Available from all good bookshops and online book retailers. Both paperback and ebook versions are now available. For further information click on True Crime

Family History 

My historical research and writing is based mainly on the experiences of some of the C19th and C20th ancestors that I have 'unearthed'. Go to my Family History webpage for further information

Photos (1883-1940) that may help you date some of your own family history images. Click on Clara

True Crime and Military History

Research and writing have always been important to me; firstly as a biological research scientist, and most recently as a historian. The discovery of a Victorian hat-box full of family correspondence and photographs prompted me to explore my family history and to undertake detailed research on the lives and experiences of my great-great-grandfather, Detective Chief Inspector George Clarke of Scotland Yard, and my grandfather, Charles Frederick Payne, a clerk in the City of London before his conscription into the British Army during the First World War.

My interest in these ancestors has been to investigate their personal experiences during the Victorian and Edwardian eras in which they lived and to evaluate how they  coped with the extra-ordinary situations that they encountered during their respective lives.  George Clarke,  for example, found himself in the dock at the Old Bailey at the age of 59 in 1877, charged with perverting the course of justice, after a distinguished Scotland Yard career during which he had brought to justice numerous murderers, fraudsters and other "ne'er do wells". The background and outcome to these events is described in my first historical book, 'The Chieftain'. In 1916 my paternal grandfather, Charlie Payne, was conscripted into the British Army and soon found himself facing the multiple challenges posed by military service in the 2/5th and 5th Battalions of the Duke of Wellington's (West Riding) Regiment on the Western Front. I am now writing a book, based on his experiences in peacetime and war, which has the working title 'Charlie Payne's Hatbox'.

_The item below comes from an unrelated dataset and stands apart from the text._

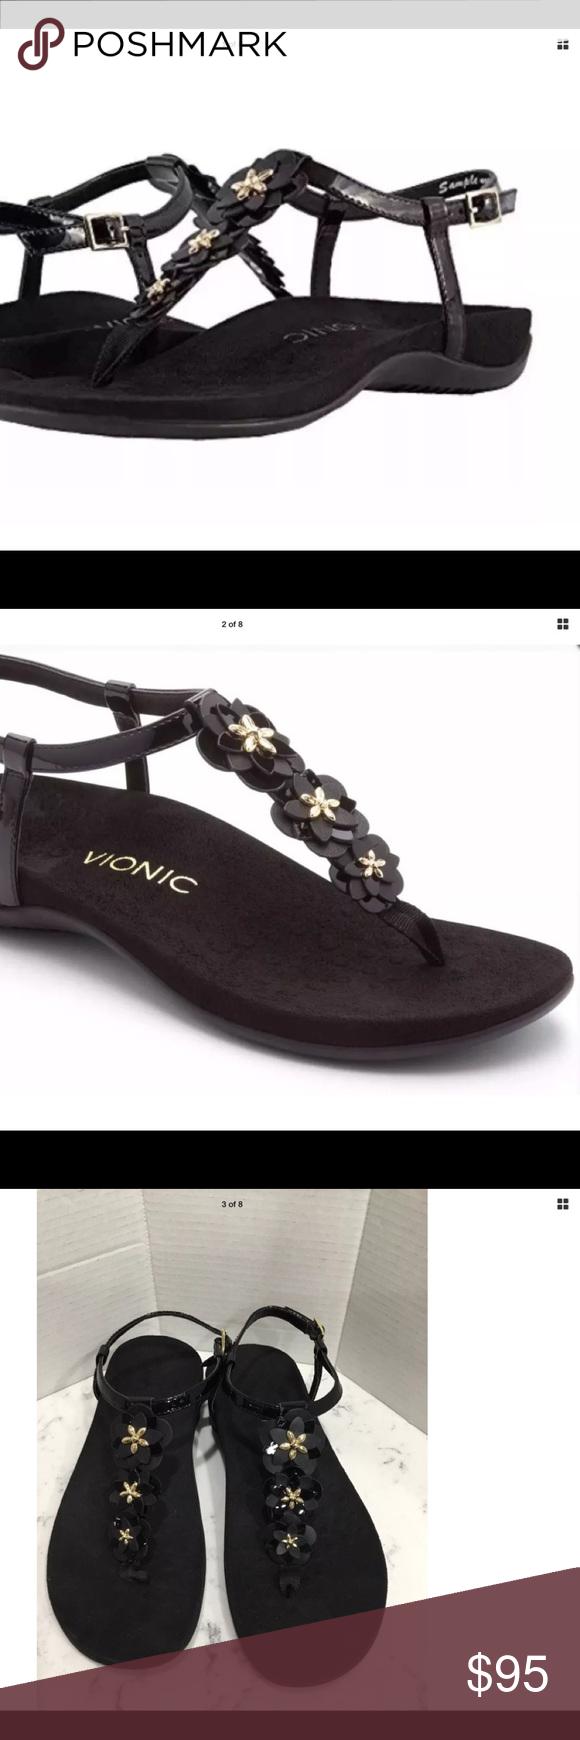 e02fbf0477ce Vionic Women s Paulie T-Strap Sandal Black Patent Vionic Women s Paulie T-Strap  Sandal Black Patent Size 8.5 M New without Box Durable rubber outsole with  ...

My reason for establishing this website is not only to promote an awareness of my research and writing, but also to highlight my enthusiasm to share information with others who have common interests. I am now of an age where the sharing of data that I have acquired is of more importance than simply accumulating it! Thus the information that I have obtained from various sources on Victorian detectives and in the history of the First World War  may be of interest to researchers on related topics. So if anyone is interested in any collaborative projects on other noteworthy, London-based, Victorian Detectives (including, for example, Chief Constable Adolphus (Dolly) Williamson, Superintendent James Jacob Thomson, etc. etc.), I'm your man! Likewise, I have much information to share on the men who served their country in the same battalion as Charlie Payne. For further information on my research please visit my blog sites at and .

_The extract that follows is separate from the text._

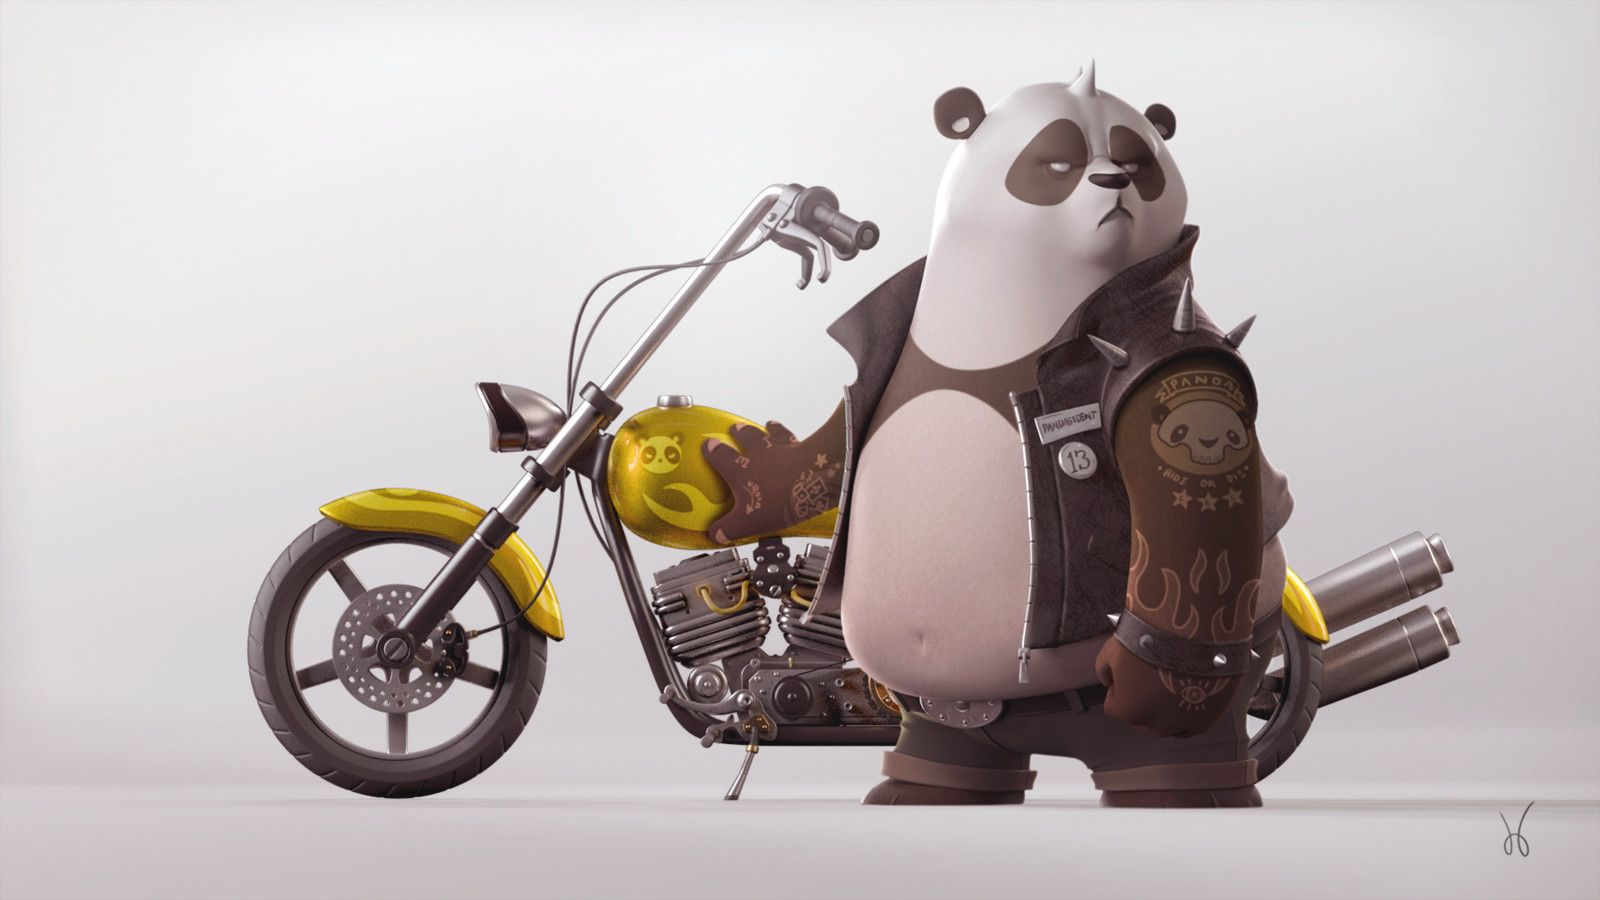 Biker Panda Jose Baldo On Artstation At Https Www Artstation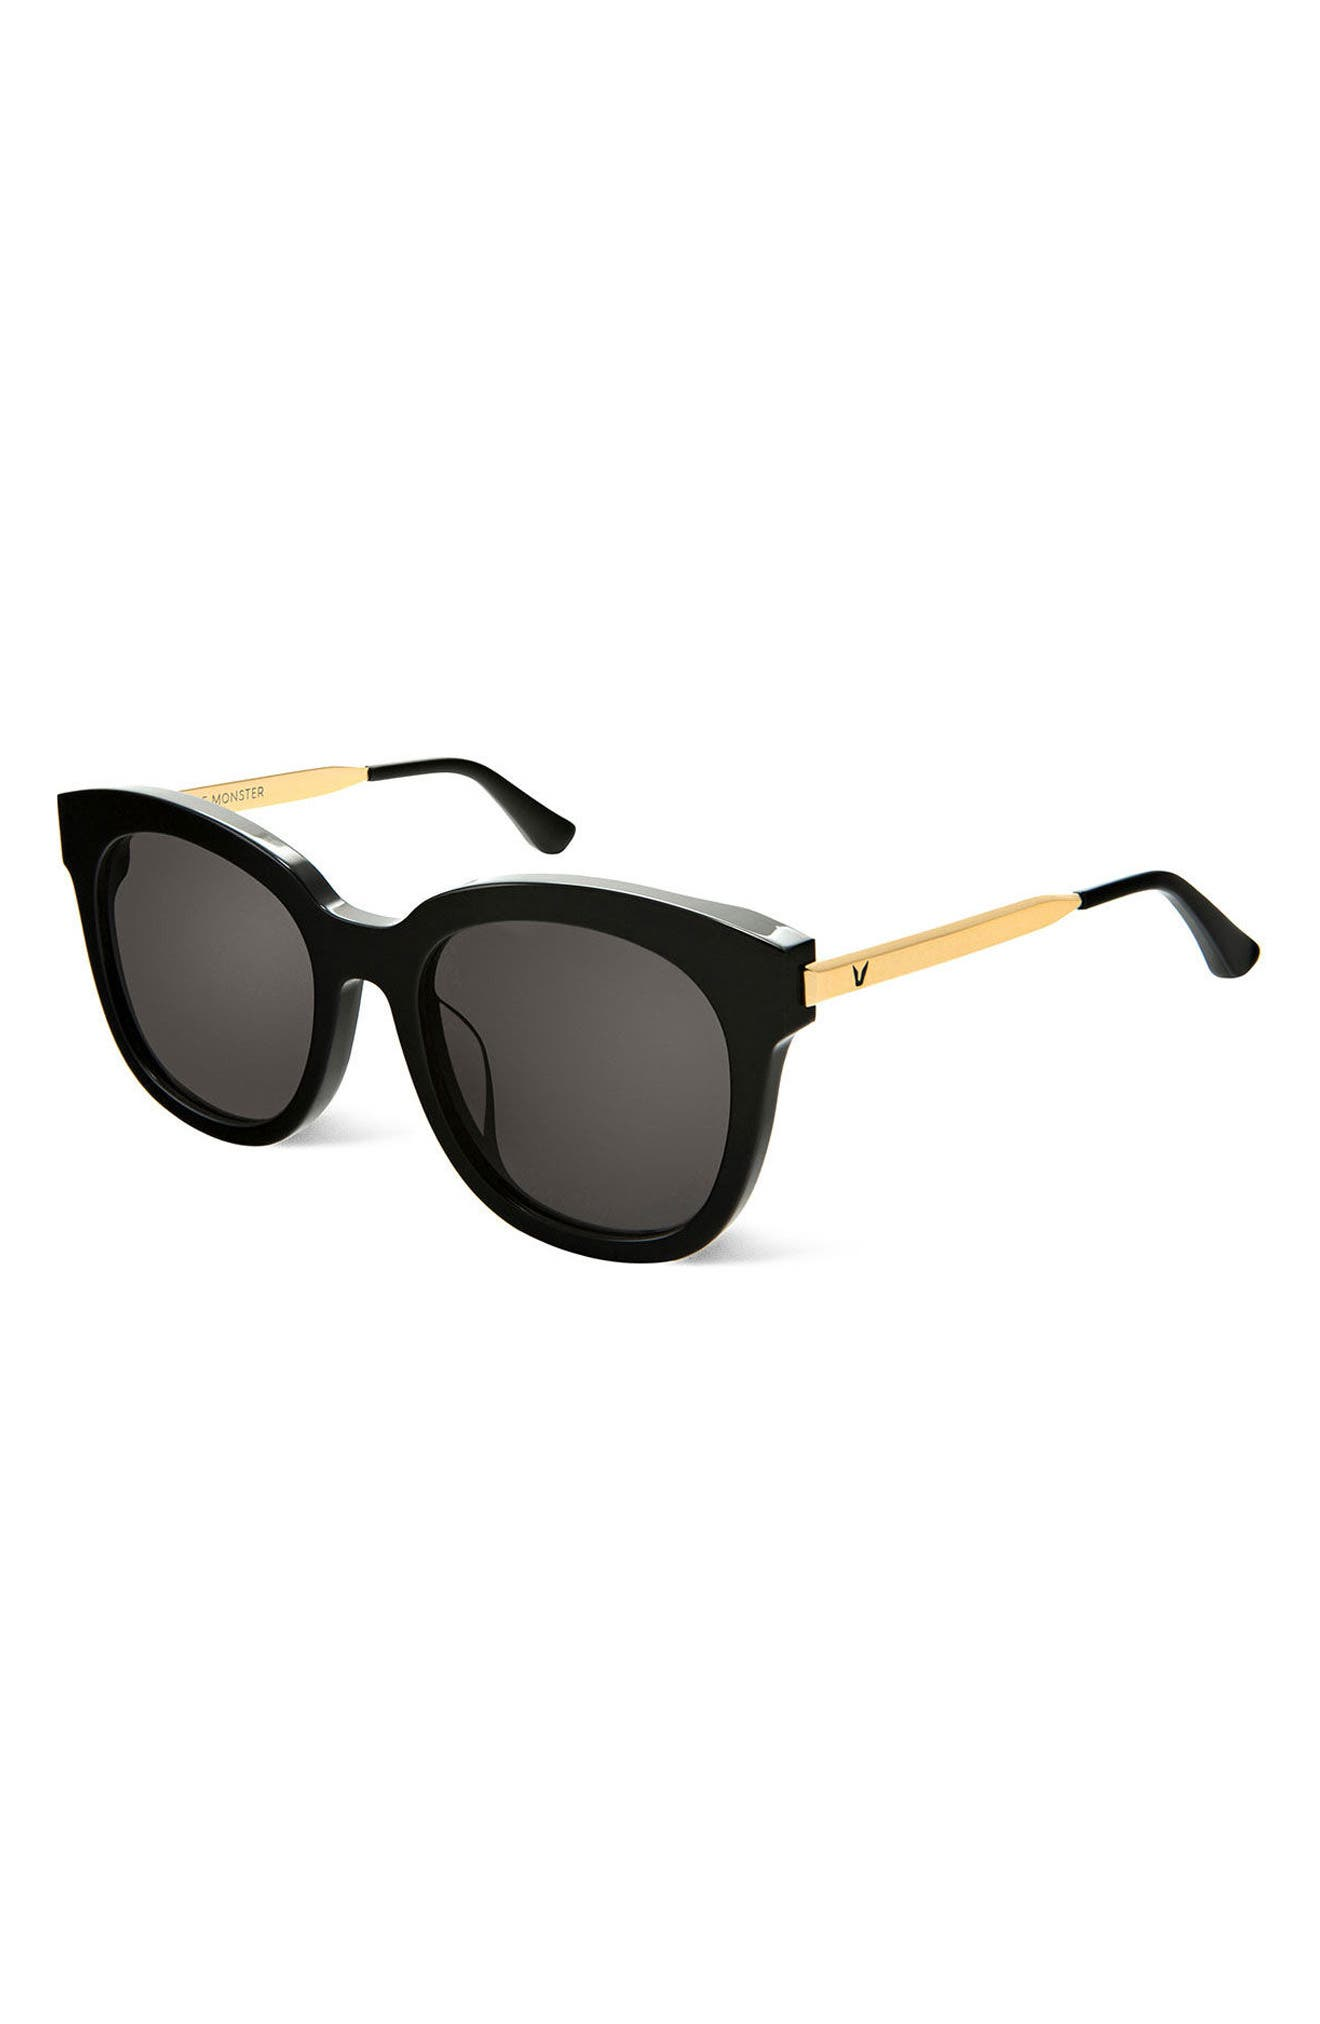 Cuba 55mm Sunglasses,                             Alternate thumbnail 3, color,                             001

Comments from Reviews and Features of  'The Chieftain' 

"A wonderful book overflowing with interesting and useful information, especially if you are researching the workings of the Victorian police and Scotland Yard. In truth a treasure trove. I heartily recommend it!" (Rosa. February 2018)

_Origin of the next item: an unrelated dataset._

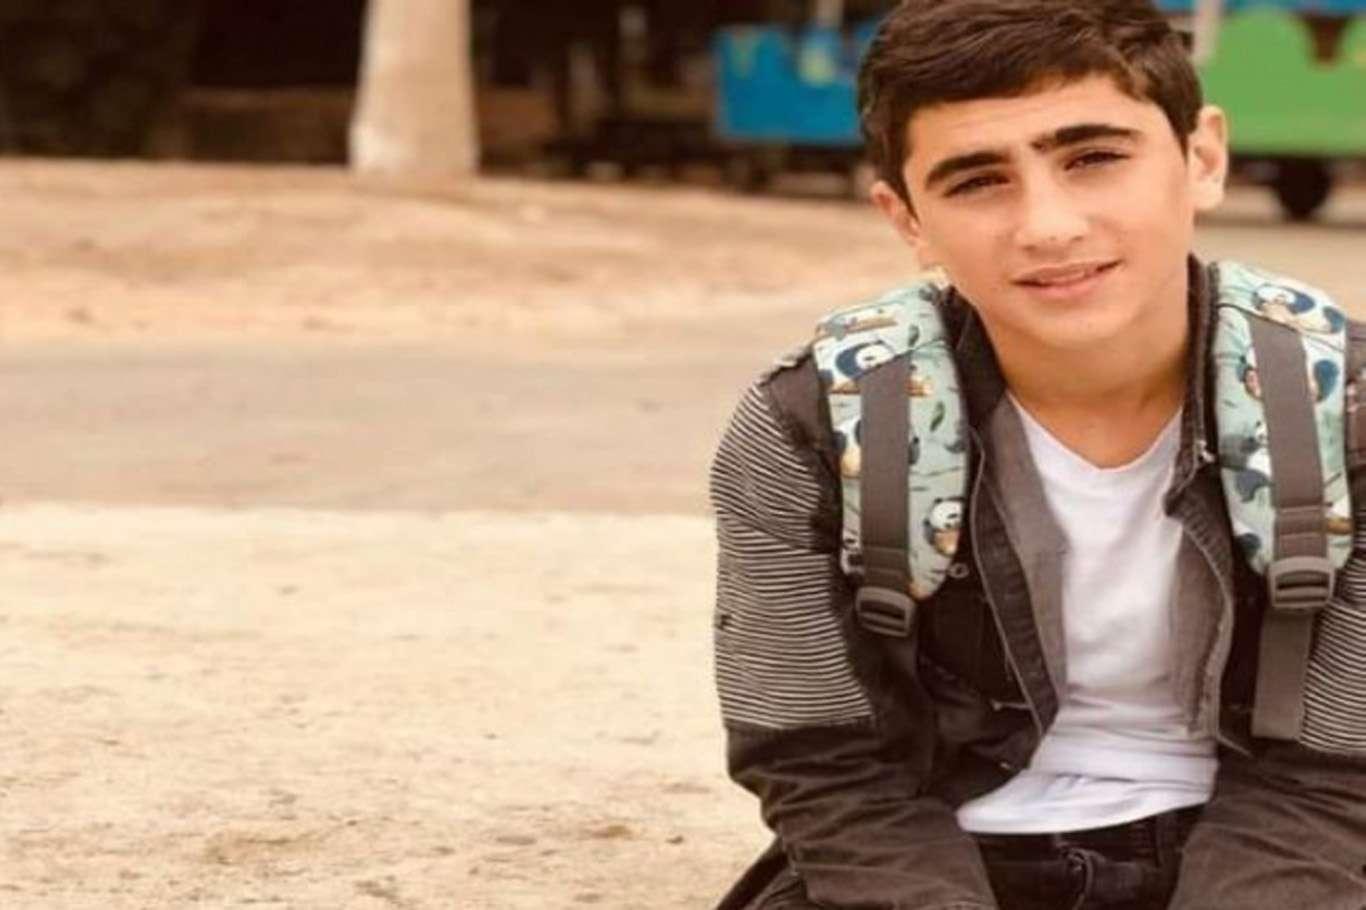 İşgalci Siyonistler Filistinli çocuğu katletti

"Fact as riveting as fiction. Fraud, poison, conspiracy, murder. A fascinating look at Victorian Crime through the cases of Detective George Clarke. This really brings to life the time and intrigues of high and low society on the streets of a London in the 1860s and 70s. Couldn't put it down, a real page-turner." ('CTFO'. July 2017)

" As well as a wonderful insight into crime in London during this important period in Victorian crime history, the author relates many other aspects of the Metropolitan Police and other parts of London life that were occurring at the time.  The book is really interesting throughout, flows well and is thoroughly recommended." (Alan Moss.  May 2014)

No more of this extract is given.